In paintings, there are various guises in which angels come to make their annunciation. Some have bird-bones and tiny feet, and wings that shimmer like a kingfisher’s back. Others, with delicate, crimped gold hair, have the demure expression of music-mistresses. Some angels appear more masculine. Their feet, huge and simian, dig into the marble pavements. Their wings have the wet solidity of large marine animals.

There is a painting, a Virgin and Child, by Ambrosio Bergognone. The woman has a silvery pallor; her child is plump and well-doing, the kind of baby, ready to walk if it were not so idle, that makes your arms ache. She supports him with one hand; his feet are set upon a deep green cloth.

On either side of her is an open window, giving out on to a dusty street. Life goes on; in the distance is a bell-tower. Approaching, a figure carries a basket. Walking away from us are two other figures, absorbed in conversation, and following them closely is a small white dog with a plumed tail. The infant plays with a string of rosary beads: coral, perhaps.

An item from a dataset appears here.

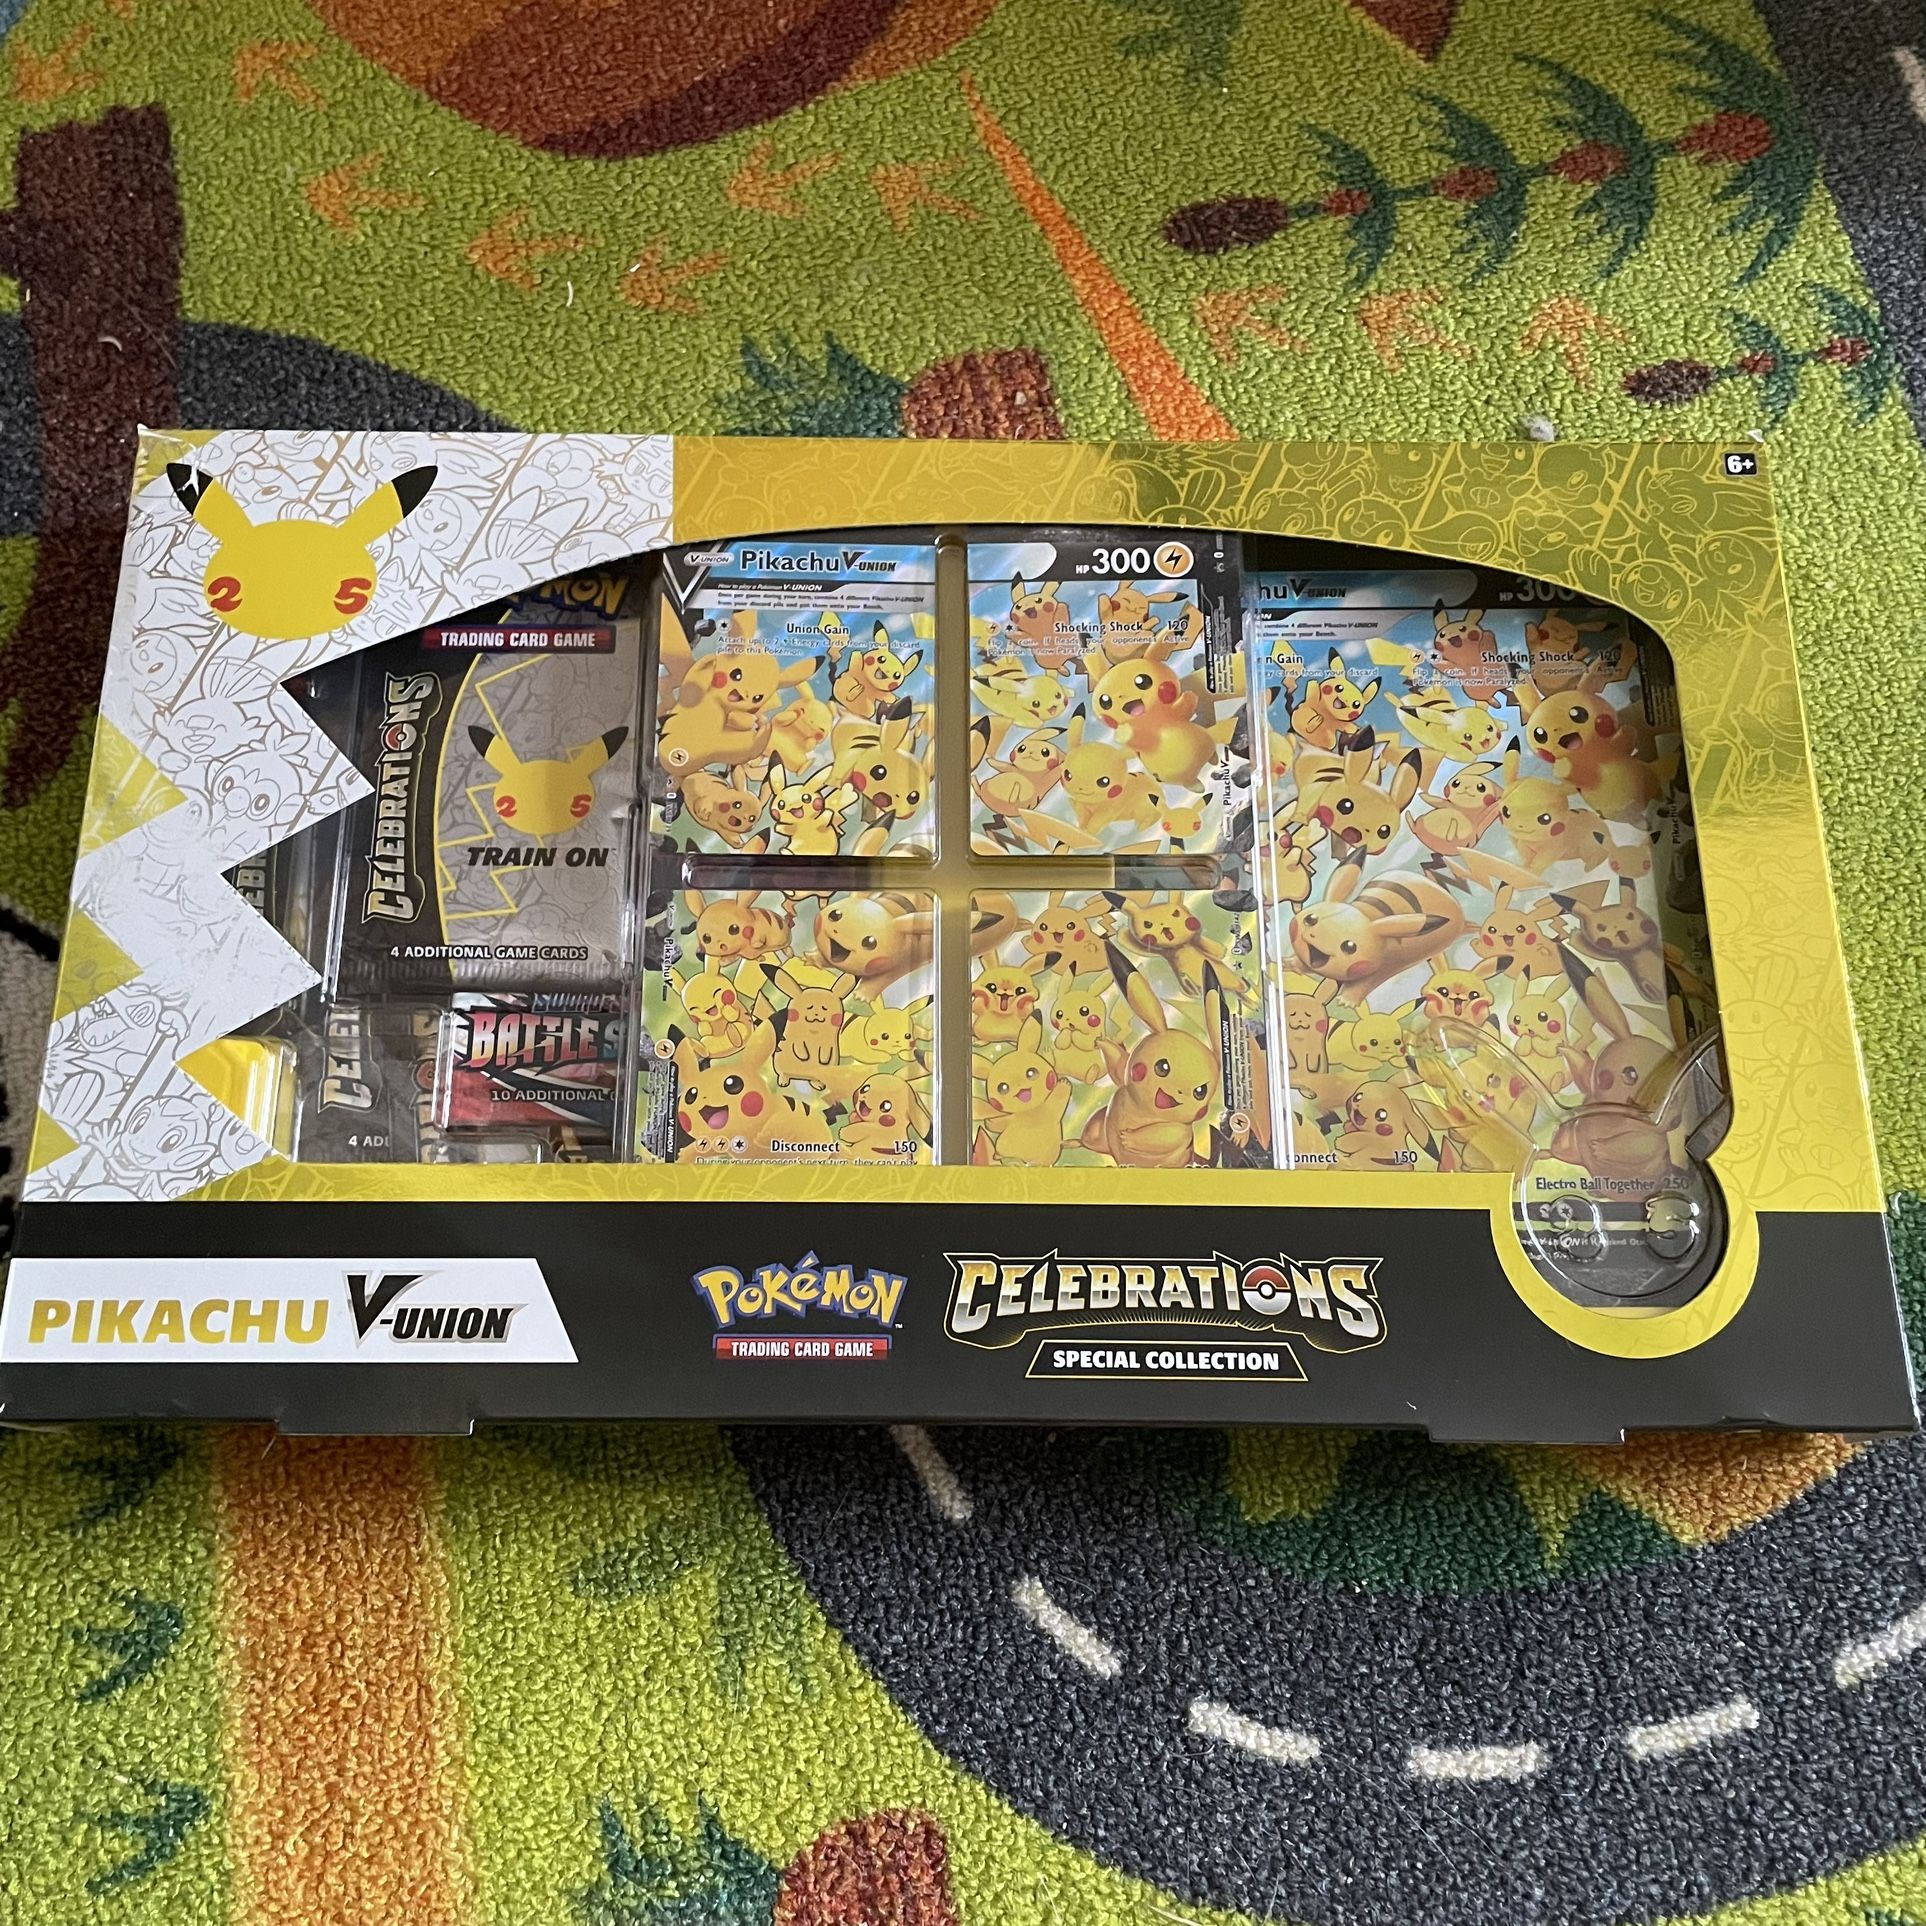 Celebrations Pikachu V-Union Box Pokémon

An open book is propped before the woman. She is reading the First Psalm, with its message of utter reassurance: “For the Lord knoweth the ways of the just; and the ways of the wicked shall perish.”

The Virgin’s expression, at first sight, seems unfathomably sad. It is only on closer observation that one notices the near-smirk on her dimpled mouth, and the expression of satisfaction in her long, duncoloured eyes.